= Beginning of Section =
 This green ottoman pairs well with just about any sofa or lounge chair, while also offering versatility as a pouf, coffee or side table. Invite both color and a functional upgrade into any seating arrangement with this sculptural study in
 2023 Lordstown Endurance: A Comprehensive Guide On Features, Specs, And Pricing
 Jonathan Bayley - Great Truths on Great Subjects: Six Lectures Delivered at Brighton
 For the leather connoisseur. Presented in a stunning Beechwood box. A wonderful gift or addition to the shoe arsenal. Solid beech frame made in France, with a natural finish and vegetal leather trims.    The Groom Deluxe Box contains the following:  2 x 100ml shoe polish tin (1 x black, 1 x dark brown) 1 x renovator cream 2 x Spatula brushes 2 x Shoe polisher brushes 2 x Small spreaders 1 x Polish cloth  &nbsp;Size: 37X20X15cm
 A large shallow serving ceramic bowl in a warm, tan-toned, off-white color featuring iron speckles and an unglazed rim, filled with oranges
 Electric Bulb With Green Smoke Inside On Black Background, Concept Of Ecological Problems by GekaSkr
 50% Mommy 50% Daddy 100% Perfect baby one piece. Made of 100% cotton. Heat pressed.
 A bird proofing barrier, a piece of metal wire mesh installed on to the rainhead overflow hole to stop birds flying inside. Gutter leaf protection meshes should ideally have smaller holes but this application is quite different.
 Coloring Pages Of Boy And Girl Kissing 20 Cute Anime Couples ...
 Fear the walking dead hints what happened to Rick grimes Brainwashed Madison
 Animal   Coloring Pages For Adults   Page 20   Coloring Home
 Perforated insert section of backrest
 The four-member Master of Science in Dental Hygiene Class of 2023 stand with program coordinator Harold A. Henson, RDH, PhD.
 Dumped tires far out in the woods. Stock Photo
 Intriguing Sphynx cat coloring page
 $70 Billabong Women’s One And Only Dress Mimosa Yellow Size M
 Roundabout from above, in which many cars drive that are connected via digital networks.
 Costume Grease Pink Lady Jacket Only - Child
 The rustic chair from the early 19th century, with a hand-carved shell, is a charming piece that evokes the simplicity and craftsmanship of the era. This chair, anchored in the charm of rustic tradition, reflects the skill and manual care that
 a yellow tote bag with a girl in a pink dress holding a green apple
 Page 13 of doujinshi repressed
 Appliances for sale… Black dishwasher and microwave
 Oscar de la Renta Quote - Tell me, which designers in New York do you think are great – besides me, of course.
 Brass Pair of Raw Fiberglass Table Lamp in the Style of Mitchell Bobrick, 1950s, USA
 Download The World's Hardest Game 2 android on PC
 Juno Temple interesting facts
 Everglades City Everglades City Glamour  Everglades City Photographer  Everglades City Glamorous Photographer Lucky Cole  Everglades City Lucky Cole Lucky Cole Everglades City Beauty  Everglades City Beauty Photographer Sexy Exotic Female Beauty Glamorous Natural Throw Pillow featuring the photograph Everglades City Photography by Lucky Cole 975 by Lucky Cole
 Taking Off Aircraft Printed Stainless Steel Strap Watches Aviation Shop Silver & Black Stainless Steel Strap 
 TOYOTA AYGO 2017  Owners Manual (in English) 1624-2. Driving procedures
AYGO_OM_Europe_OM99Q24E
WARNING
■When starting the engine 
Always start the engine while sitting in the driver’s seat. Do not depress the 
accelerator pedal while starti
= End of Section =
▶ [Work item] Show every line in the listing above that carries the word "which".

▶ [Answer area]
 Roundabout from above, in which many cars drive that are connected via digital networks.
 Oscar de la Renta Quote - Tell me, which designers in New York do you think are great – besides me, of course.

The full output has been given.